Have you heard the one about the global conspiracy that polio is rampant in India because thousands of cases of acute flaccid paralysis (AFP) occur there each year? Follow me over here dear readers, we have another lie to debunk, driven by that small but loud cabal of confused pro-disease activists I call hardcore anti-vaxxers.
In my last post, “No, they didn’t rename polio“, I tried to make it clear that India and the region it sits within were declared free of polio transmission years ago (see that evolve in the tables below). Part of that declaration was the development of a helluva lot of polio surveillance.
India and other countries free of wild or vaccine-derived poliovirus-induced disease keep watch to make sure it doesn’t appear. Which makes sense right? An easily transmitted infection somewhere can become an outbreak anywhere in an interconnected world.
But along with the conspiracy theory that renaming is behind the hidden poliovirus scourge we (absolutely do not) face, is the use of India’s large number of AFP cases to reinforce the myth. Let’s look at India and its AFP cases.
Yes, India has a lot of AFP cases
First things first. India is the second most populated country on earth. At writing, India hosts around 1,300,000,000 lives. In the six years of 2013 to 2018 inclusive, that massive population has reported between 36,107 and over 54,000 cases of AFP each year. Sounds vast, right? Compare that to the United States. Wait. No. You can’t because the US doesn’t seem to conduct AFP surveillance, or don’t provide those data to the World Health Organization (WHO). Let’s compare it to other countries then.
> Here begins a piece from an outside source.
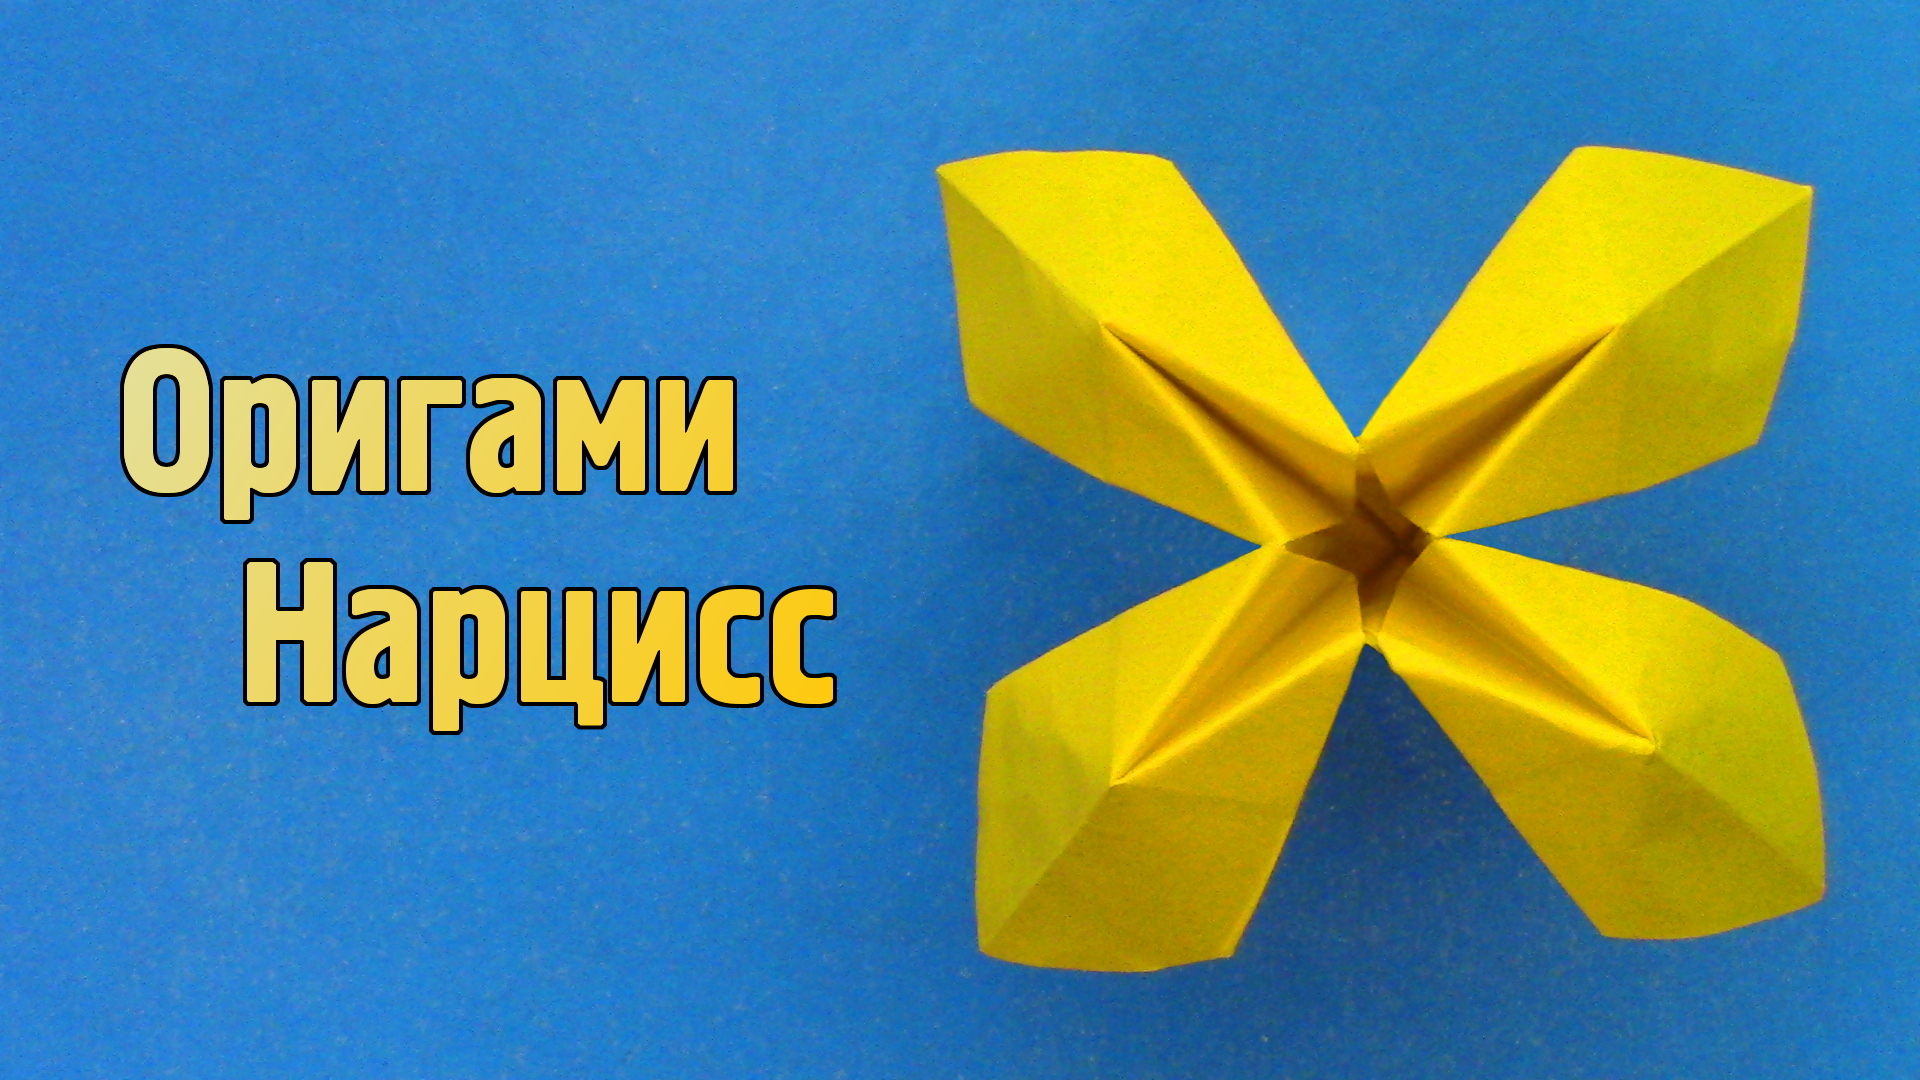 Как сделать Нарцисс из бумаги своими руками | Оригами Нарцисс для детей | Объемные Цветы без клея

Australia has reported 53-62 cases during that same timespan. Australia currently has a population of 25,000,000.
Is there some simpler way we can look at these figures, accounting for population size difference and growth? Yes. The WHO tabulate non-polio AFP cases per 100,000 people under the age of 15 years (children).
In a country that no longer has polio, it is expected that 1 case per 100,000 children would still be found. Fewer than that may mean surveillance isn’t capturing AFP. Australia reached this indicator between 2009 and 2014 although there were some gaps to close.[9-13] But how does the world stack up?
AFP rates around the world
There are still a lot of AFP cases the world over (Table below). In the South-East Asia Region (SEAR), India contributed the majority of cases with 27,322. Its rate per 100,000 children was 8.7. That’s not the highest rate though. Afghanistan saw 16.2 AFP cases per 100,000 children, Pakistan reported 14.4 and Nigeria listed 12.35 per 100,000 children. Afghanistan and Pakistan have had wild poliovirus cases in 2019 and Nigeria had vaccine-derived poliovirus cases.
How many of India’s cases are due to polio?
According to the World Health Organizations, precisely no AFP cases are caused by poliovirus infection.
This information was missed by authors of a recent publication who astonishing pointed to the polio vaccine as the source of India’s AFP caseload. And yet….no AFP cases were due to poliovirus. 😒
If it isn’t laboratory confirmed, it isn’t polio. And samples are collected and they are tested for poliovirus. Ensuring this is happening is cleverly also part of the surveillance system.
This isn’t a conspiracy, this is a highly successful global collaboration with lots of hard work to ensure the world we share is getting closer to 100% polio eradication. And we’re almost there.
A total of 59,436 AFP cases were investigated in India in 2012, another 53,421 in 2013 and 53,383 in 2014. Not a single AFP case has tested positive for polio in 2012, 2013 and 2014. All AFP cases during the last 3 years have been due to non-polio causes.World Health Organization. Acute Flaccid Paralysis (AFP) surveillance: the surveillance strategy for poliomyelitis eradication 
Despite a lot of testing. India had its last polio case in January 2011 and was considered polio-free from February 2012 and the South-East Asia region followed.[6-8]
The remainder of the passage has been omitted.